Data mining technology is essential to SSA’s ongoing battle to curb improper payments. The SSA inspector general “tells us we have less than 1 percent fraud, but even that’s too much. We pay almost $1 trillion in benefits a year, and we know fraudsters are always looking for ways. Our robust anti-fraud program ranges from prevention to detection to prosecution. Technology allows us to use data analytics to see patterns, to establish various models to minimize risk,” she said.
To alleviate a brain drain, SSA’s vision sets sights on recruiting “a whole gamut” of future employees, Colvin notes. They include front-line workers dealing directly with the public to determine eligibility, as well as information technology professionals, attorneys, human resources specialists, law enforcement people, procurement experts and managers. “Anyone looking for a career in public service would find SSA rich and rewarding, and we probably offer one of the broadest ranges of service of any federal agency,” she said. “We’re large enough so that there are development opportunities. Our retention is good. We’re No. 6 on the list of Best Places to Work in the Federal Government.”
Colvin is well aware of Social Security’s status as a political football in the current climate in which some on the right wish to cut benefits while some on the left want to expand them. “There are short and long-term issues,” she said, noting that it’s not her role to weigh in with Congress but that she plans to advise the administration.

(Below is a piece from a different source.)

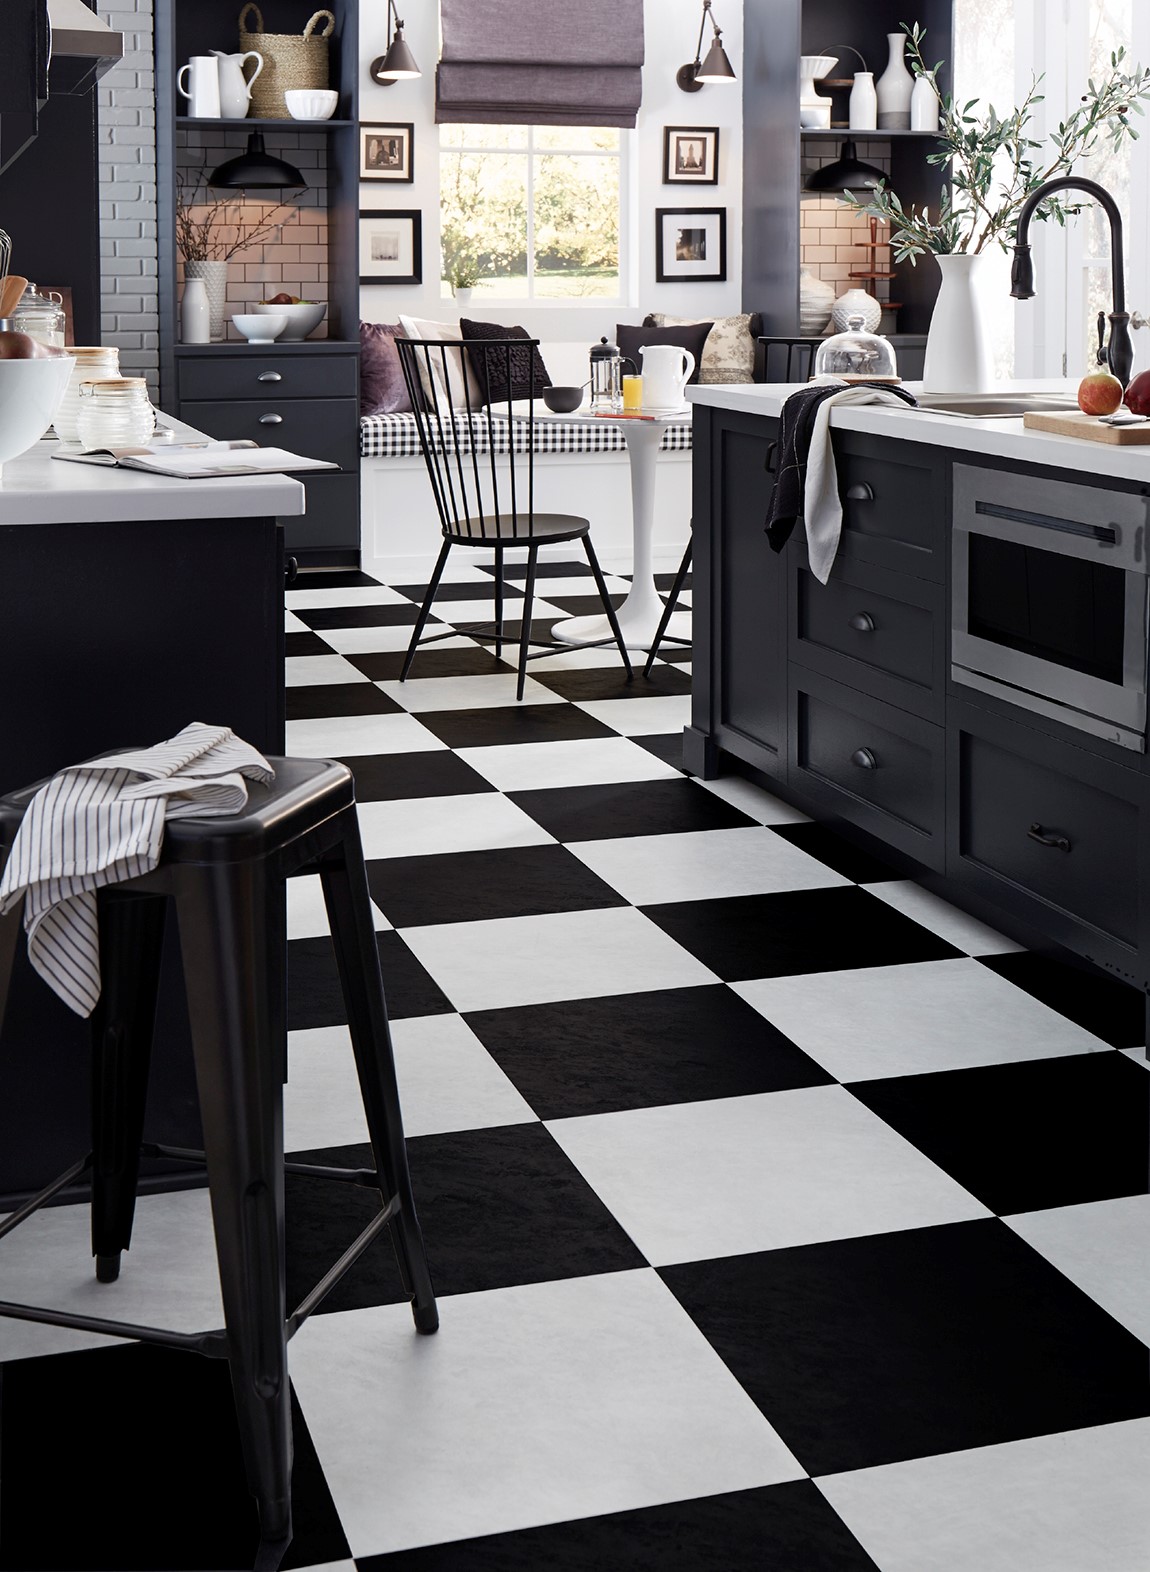 Kitchen Flooring Trends For 2020, Black And White Kitchen Floor Tiles Ideas

“We are one of the largest government programs in the world, and we touch the lives of nearly every American here and abroad. We have over 65 million on our roles, and are a vital part of the economy,” she said. “Social Security will always be here, but we recognize that changes will be necessary.
“The president recommended a reallocation of funds from retirement to disability funds, 0.9 percent for five years, which would make the retirement and disability funds solvent until 2033,” Colvin said. She expressed hope that Congress will adopt the plan, which has precedents. “If not, then people would be looking at a 20 percent cut in disability benefits, which at $1,200 a month are already inadequate.”
In the long term, said the acting commissioner with 20 months to go, “We hope Congress will [take a bipartisan approach], as was done in 1983 under the Greenspan Commission. Our agency’s role is to provide data and analysis to the White House and Congress on the impact of the various proposals.”
Clarification: This story has been updated to clarify Colvin's long-term vision for Congress.